13 horas del calibre 38

Reconstrucción del descenso al infierno que vivieron los secuestrados de Vallecas

Jan Martínez Ahrens

A Eleuterio, revólver en mano, le acaban de estallar en la cabeza las mil bombas que desata el mono. Echa espumarajos por la boca, vomita y grita. Elena, de 12 años, le mira aterrorizada. Su cuerpo de niña tiembla bajo el jersey amarillo y las mallas rosa. ¡O me dais el jaco [heroína], o los mato, y empezaré por los pequeños!", brama Eleuterio. Desde el fondo de la vivienda en la que se ha atrincherado aúlla otra voz: "¡Pégales un tiro y acabamos de una vez!".

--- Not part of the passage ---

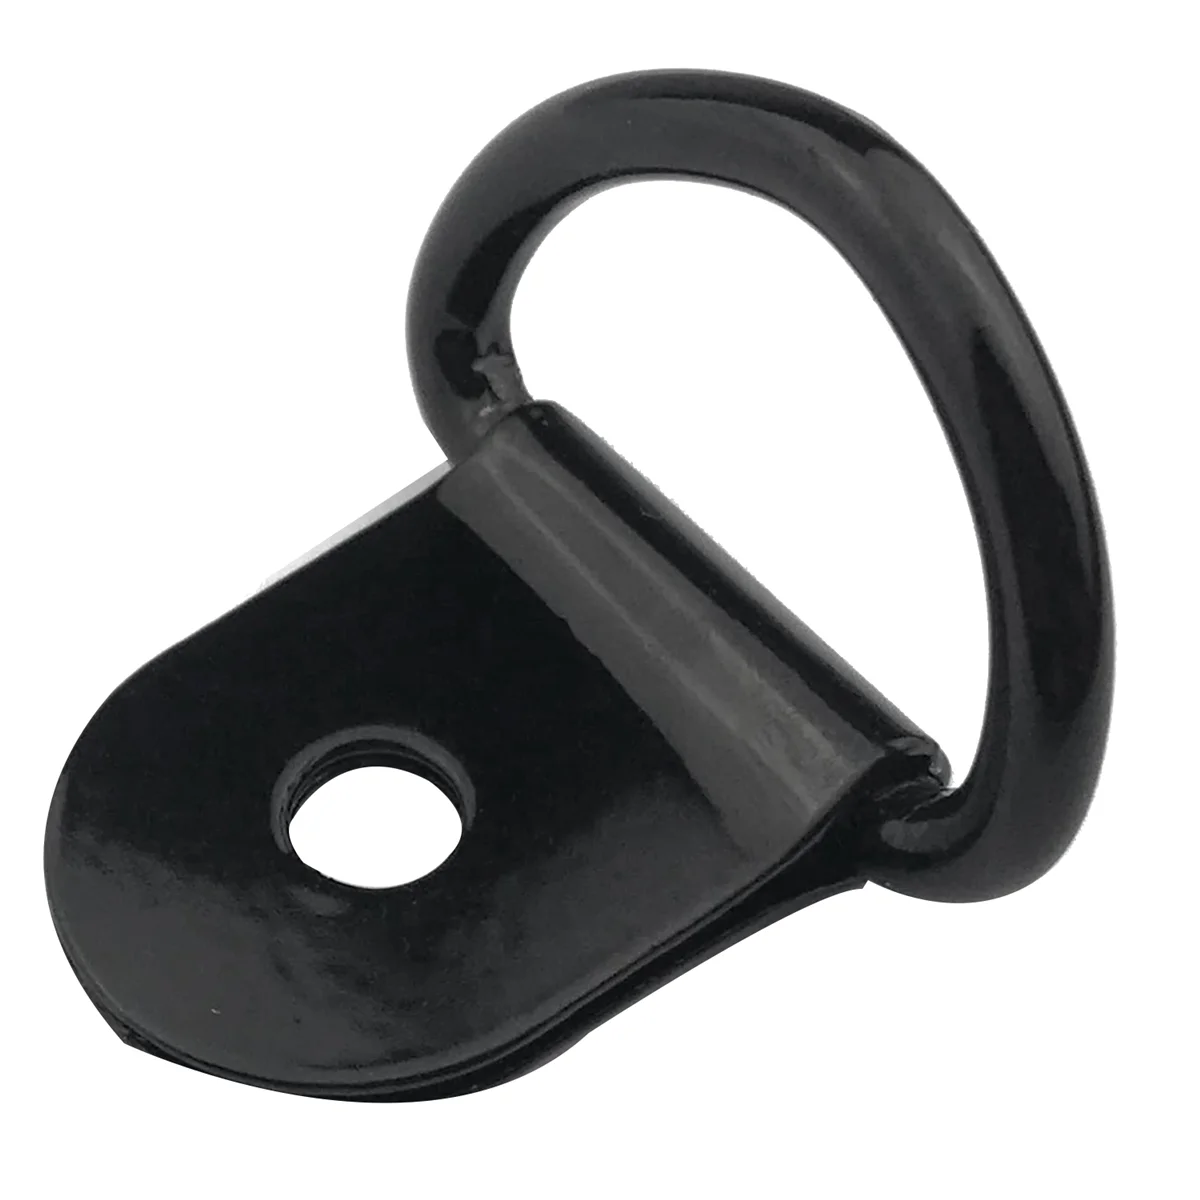 

30 PCS Small Steel D-Ring Tie Downs, D Rings Anchor Lashing Ring for Loads on Case Truck Cargo Trailers RV Boats, Black

Es Hugo, otro yonqui, el otro secuestrador. Detrás de la puerta se arremolinan los policías. A ellos va dirigido el mensaje.

Han pasado cuatro horas desde que Eleuterio y Hugo entraron -tras atracar una sucursal de Caja de Madrid- en el piso 70, letra J, de la calle de Luis Buñuel, 10 (Vallecas). Y pasarán otras nueve horas hasta que liberen a la familia. Era jueves, 9 de diciembre, y era -es- Vallecas. Elena no olvidará jamás esas caras salvajes. Tampoco su madre, María Ángeles Sanandrés, de 30 años; ni el benjamín, Luis, de 7; ni el bisabuelo de los críos, Amalio, de 87.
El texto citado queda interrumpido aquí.